Несколько дней Сальватор молча наблюдал и размышлял, а затем решил объясниться с Каролем и непременно вызвать его на откровенность. Он понимал, что это будет нелегко, но зато знал, как следует приняться за дело.
— Друг мой, если возможно, я хотел бы, чтобы ты мне сказал, долго ли мы еще тут пробудем? — спросил граф приблизительно через неделю после своего возвращения на виллу Флориани.
— Не знаю, не знаю, — сухо отвечал Кароль, как будто вопрос этот показался ему неуместным и неприятным.
Но тут же глаза его наполнились слезами, и по тому, с каким выражением он посмотрел на Сальватора, было понятно, что разлука с Лукрецией представляется ему неизбежной.

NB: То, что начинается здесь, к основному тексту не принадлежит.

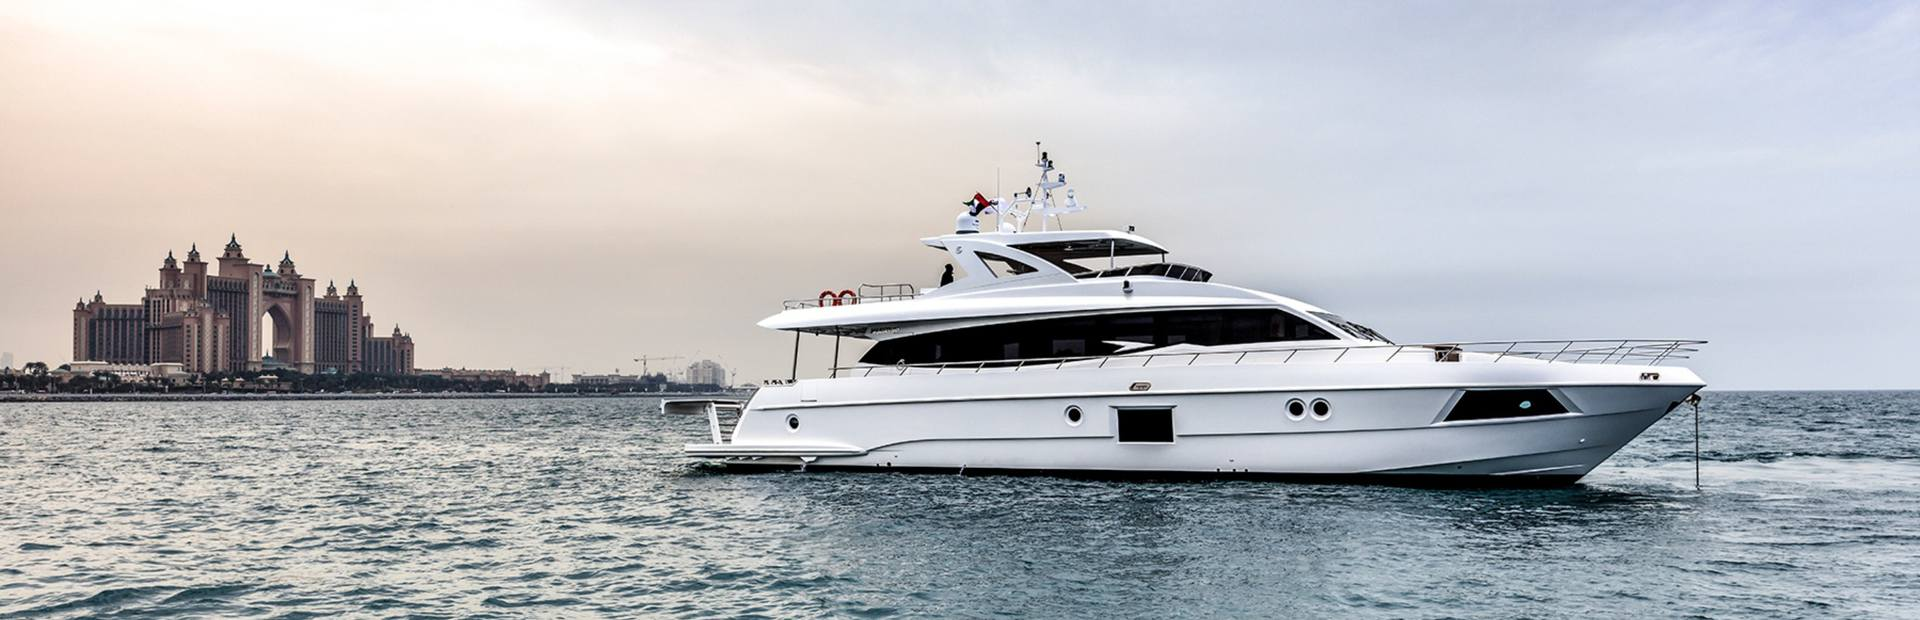 Majesty 90 Yacht Charter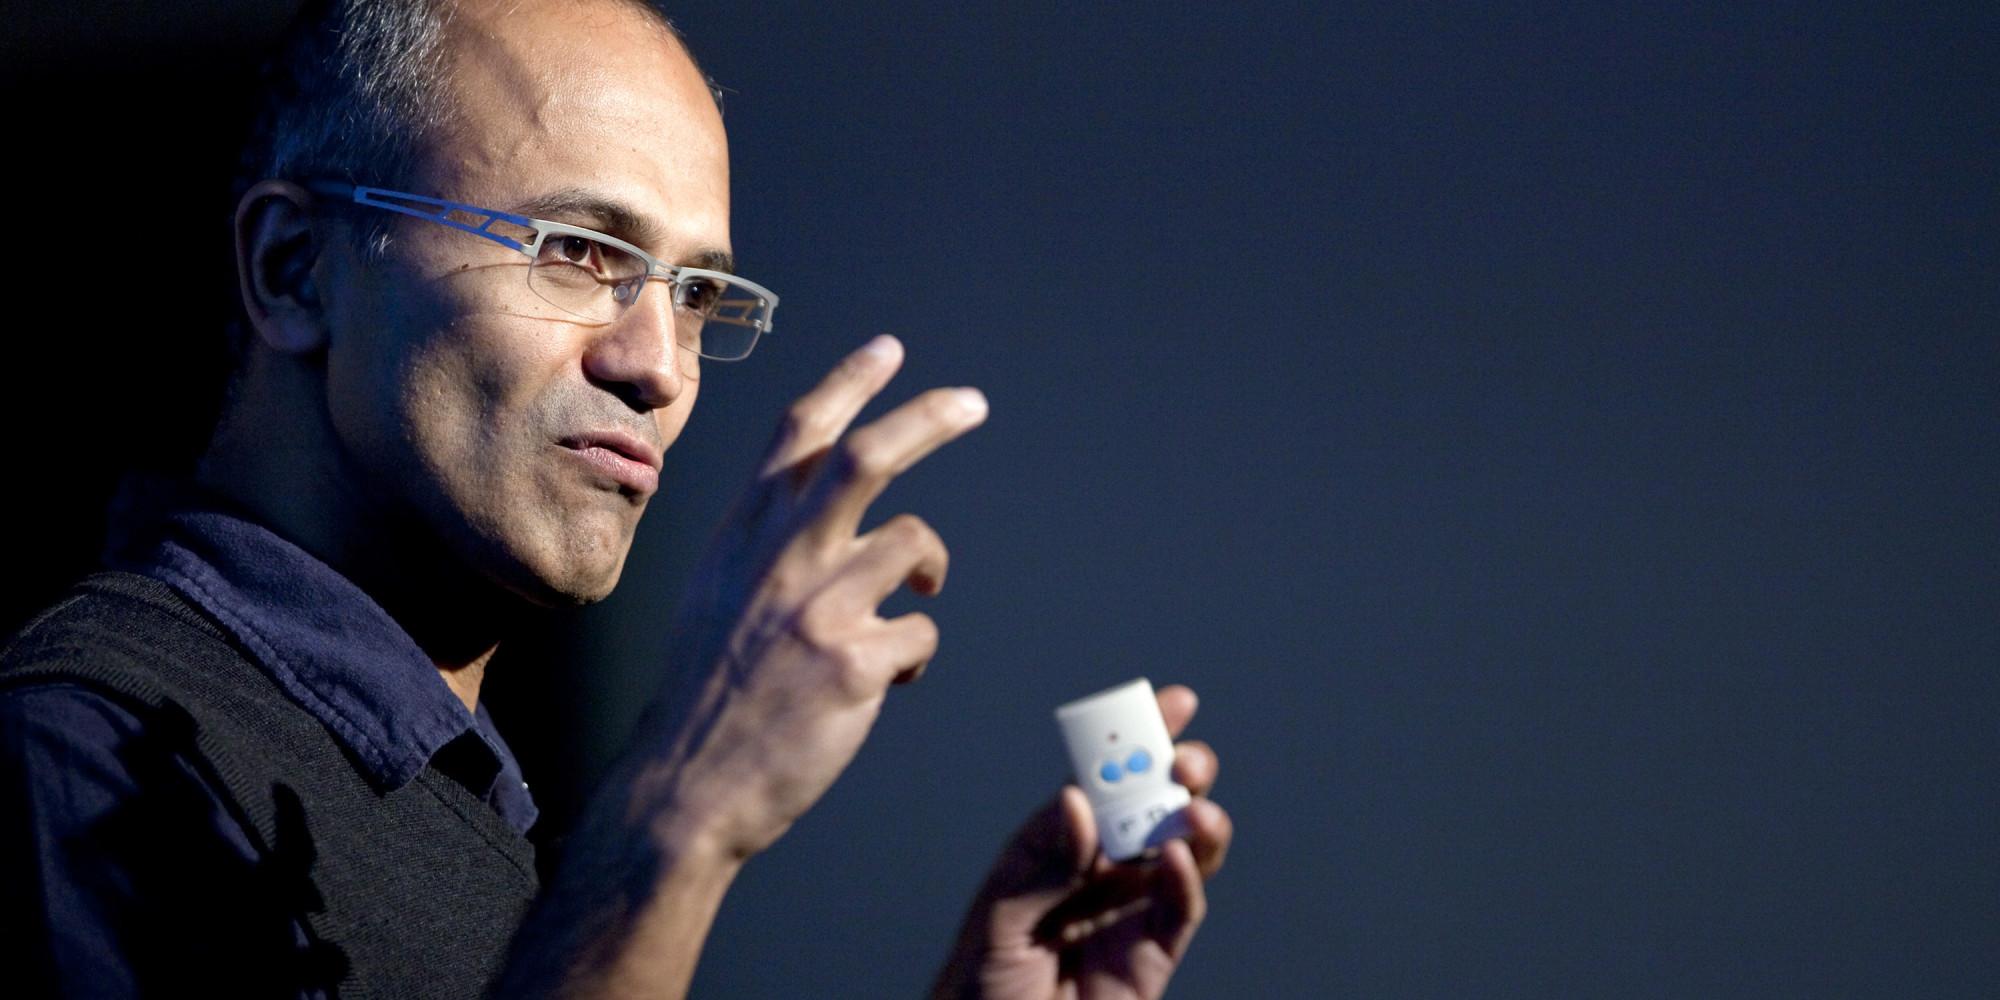 Microsoft's future unleashed

— Прошу тебя, Кароль, — продолжал граф Альбани, беря друга за руку, — хотя бы раз в жизни постарайся подумать о будущем, сделай это ради меня, ибо я не могу постоянно пребывать в неизвестности и в ожидании. Прежде, до того, как мы сюда приехали, ты всегда ссылался на свое слабое здоровье, утверждая, что оно, мол, мешает тебе заранее строить планы. «Решай все за меня и поступай как знаешь, — говаривал ты тогда. — У меня нет ни собственной воли, ни каких бы то ни было желаний». Ныне мы поменялись ролями, ты уже не можешь больше ссылаться на здоровье, ты набрался сил и превосходно себя чувствуешь… Не качай, пожалуйста, головой, не знаю, как насчет состояния души, но в физическом отношении ты меня просто радуешь. Ты стал совершенно неузнаваем, у тебя теперь совсем другой цвет лица, даже выражение лица другое, ты теперь ходишь, ешь и спишь, как все люди. Любовь и Лукреция совершили это чудо: ты перестал тосковать и, судя по всему, твердо знаешь, чего хочешь. И вот настал мой черед страдать от неуверенности, ибо я не знаю, что принесет мне завтрашний день. Скажи, пожалуйста, ты намерен и дальше тут оставаться, не так ли?
— Не знаю, смогу ли я уехать, если даже захочу, — сказал Кароль, чувствуя себя глубоко несчастным оттого, что ему приходится давать прямой ответ, — боюсь, что у меня недостанет сил уехать, хотя, должно быть, придется.
— Придется? А почему?..
— Не спрашивай. И сам можешь догадаться.
— Оказывается, ты по-прежнему не хочешь утруждать себя, едва речь заходит о самом пустяковом житейском деле?
— Да, не хочу, ибо с некоторых пор я еще больше, чем прежде, отошел от житейских дел.
— Значит, ты бы хотел, чтобы я поступил, как обычно, чтобы думал за тебя, рассуждал сам с собою вслух, словно говорю с тобой, и доказал бы тебе разумными доводами, что тебе надлежит делать?
— Да, пожалуйста, — ответил князь тоном избалованного ребенка.
При сложившихся обстоятельствах он не нуждался в том, чтобы выслушать чужое мнение и таким путем убедиться в силе собственной любви, однако ему хотелось узнать, что думает о создавшемся положении Сальватор, и он надеялся, что это позволит ему разгадать тайные помыслы графа.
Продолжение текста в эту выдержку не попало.